GB2305185A - Dewaxing oil with a co-polymer - Google Patents

Abstract

A process for dewaxing a hydrocarbon oil includes the precipitation of the wax by a co-polymer of n-alkyl (meth)acrylates and maleic anhydride. Preferably the ratio of (meth)acrylate to maleic anhydride is 5:1, especially 1:1, the copolymer having a degree of alternation of at least 50%. Preferably the alkyl chain length of the (meth)acrylate is C 10 -C 30 and more preferably C 12 -C 24 . The oil is dissolved in a conventional solvent such as toluene and on addition of the copolymer the mixture is cooled, preferably to between -10{C to -45{C. The flow rate of the resulting oil is thus improved.

Description

DEWAXING PROCESS The present invention relates to a process for dewaxing a wax-containing hydrocarbon oil.

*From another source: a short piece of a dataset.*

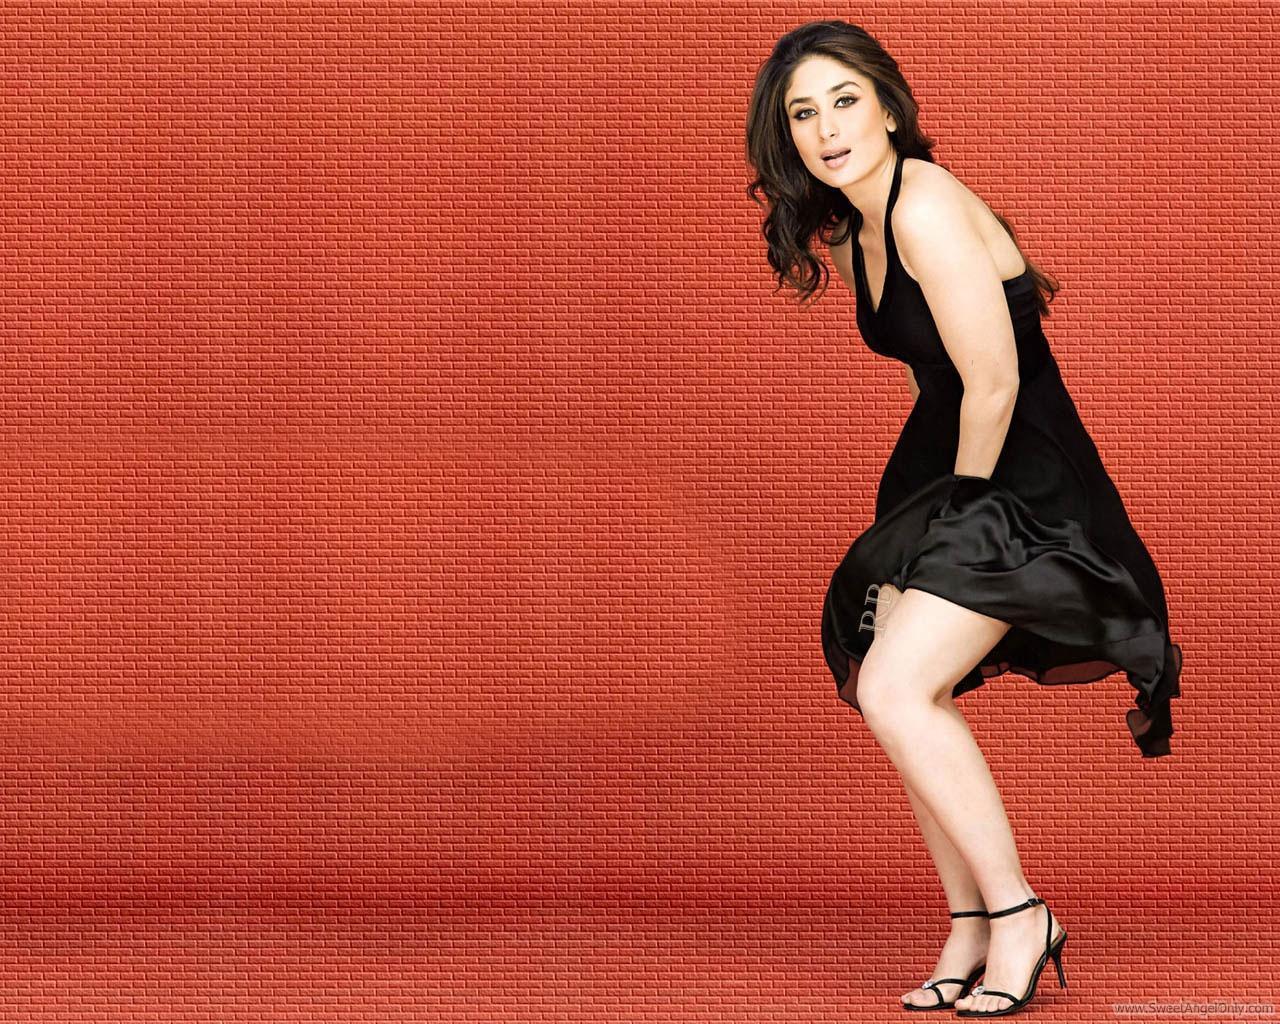 booty me now: kareena kapoor hd wallpapers-ra one
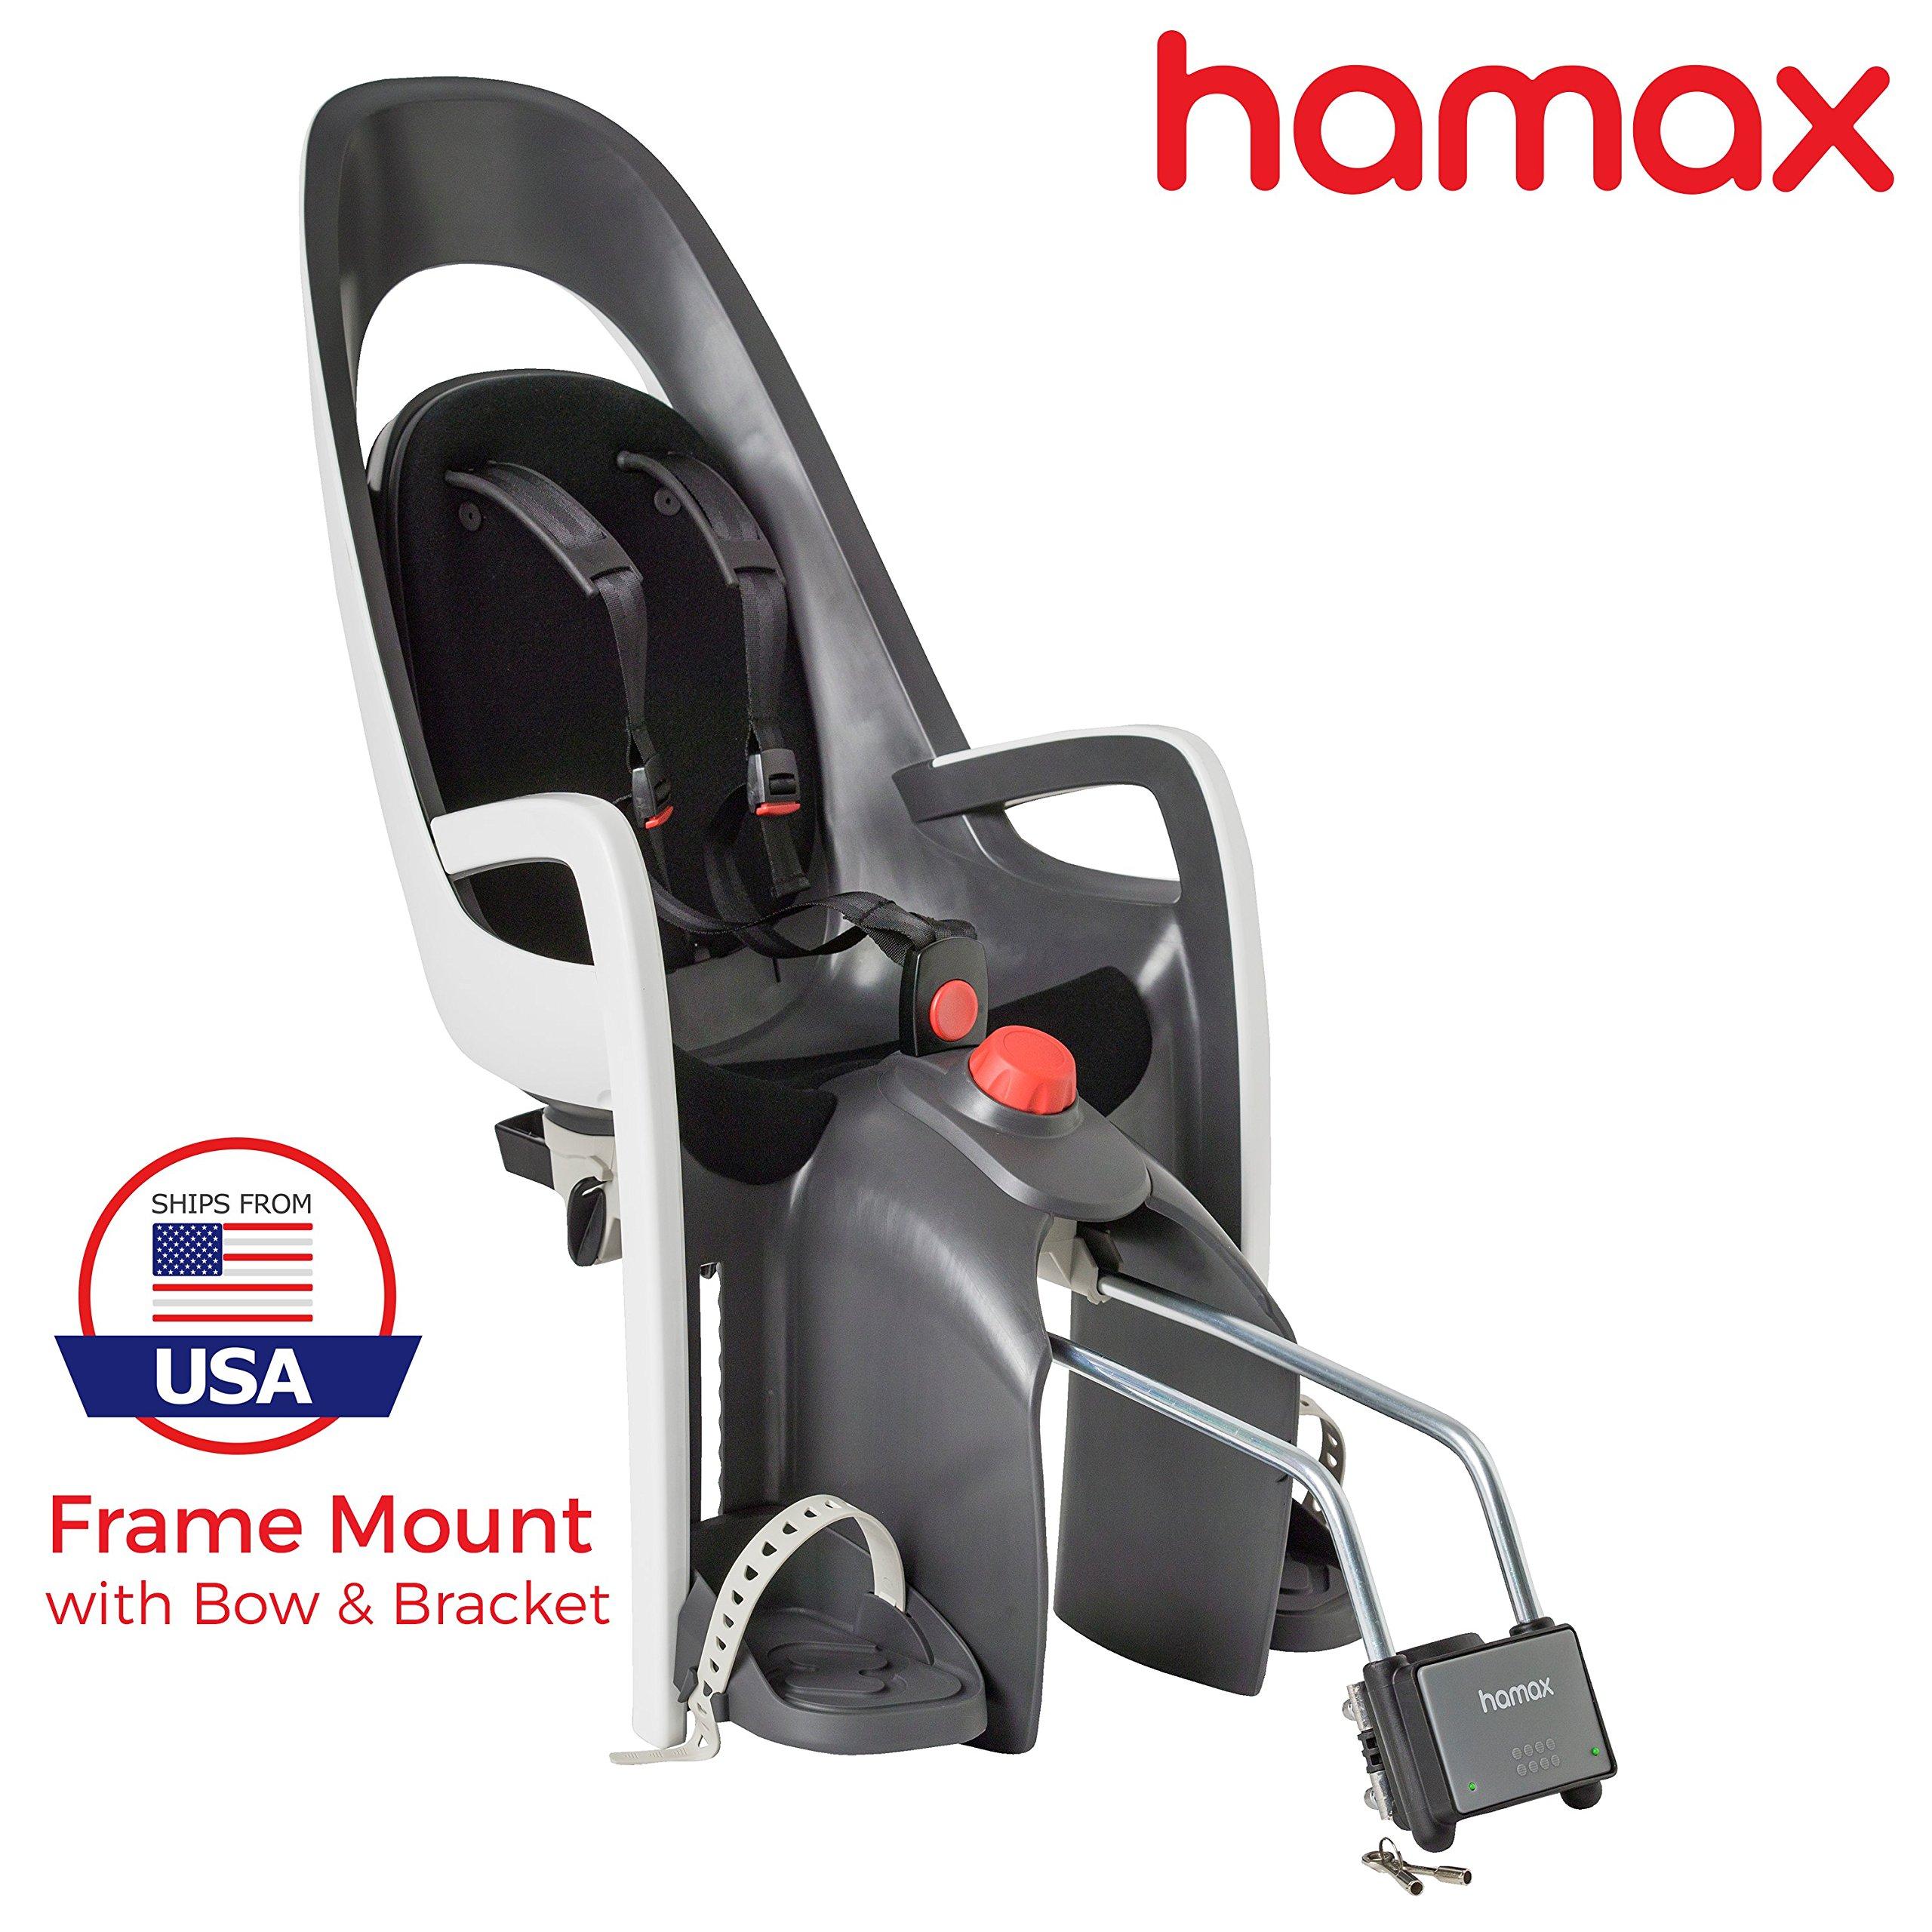 Hamax Caress Rear Child Bike Seat (Grey/White, Frame Mount) by Hamax (Image #1)

Dewaxing is an important process which is applied in the refining of hydrocarbon oils, since the removal of the wax leads to an oil with a considerably improved pour point. The process is usually carried out by cooling the oil to a temperature that is low enough to cause the wax to precipitate and then removing the wax from the oil by filtration. Usually, solvents are added to the oil which can disslove the oil and precipitate the wax. The precipitated wax has a tendency to block the filter during the filtration. As a consequence, the filtration rate is substantially reduced and the quantity of oil remaining behind in the filter cake increase considerably. These difficulties can be avoided by carrying out the dewaxing in the presence of certain polymers, which are referred to as dewaxing aids.An example of a class of polymers suitable for this purpose is formed by polymers from one or more olefinically unsaturated compounds which consist at least partly of alkylacrylates or alkylmethacrylates with at least 8 carbon atoms in the alkyl group, as for instance described in US 4,728,414.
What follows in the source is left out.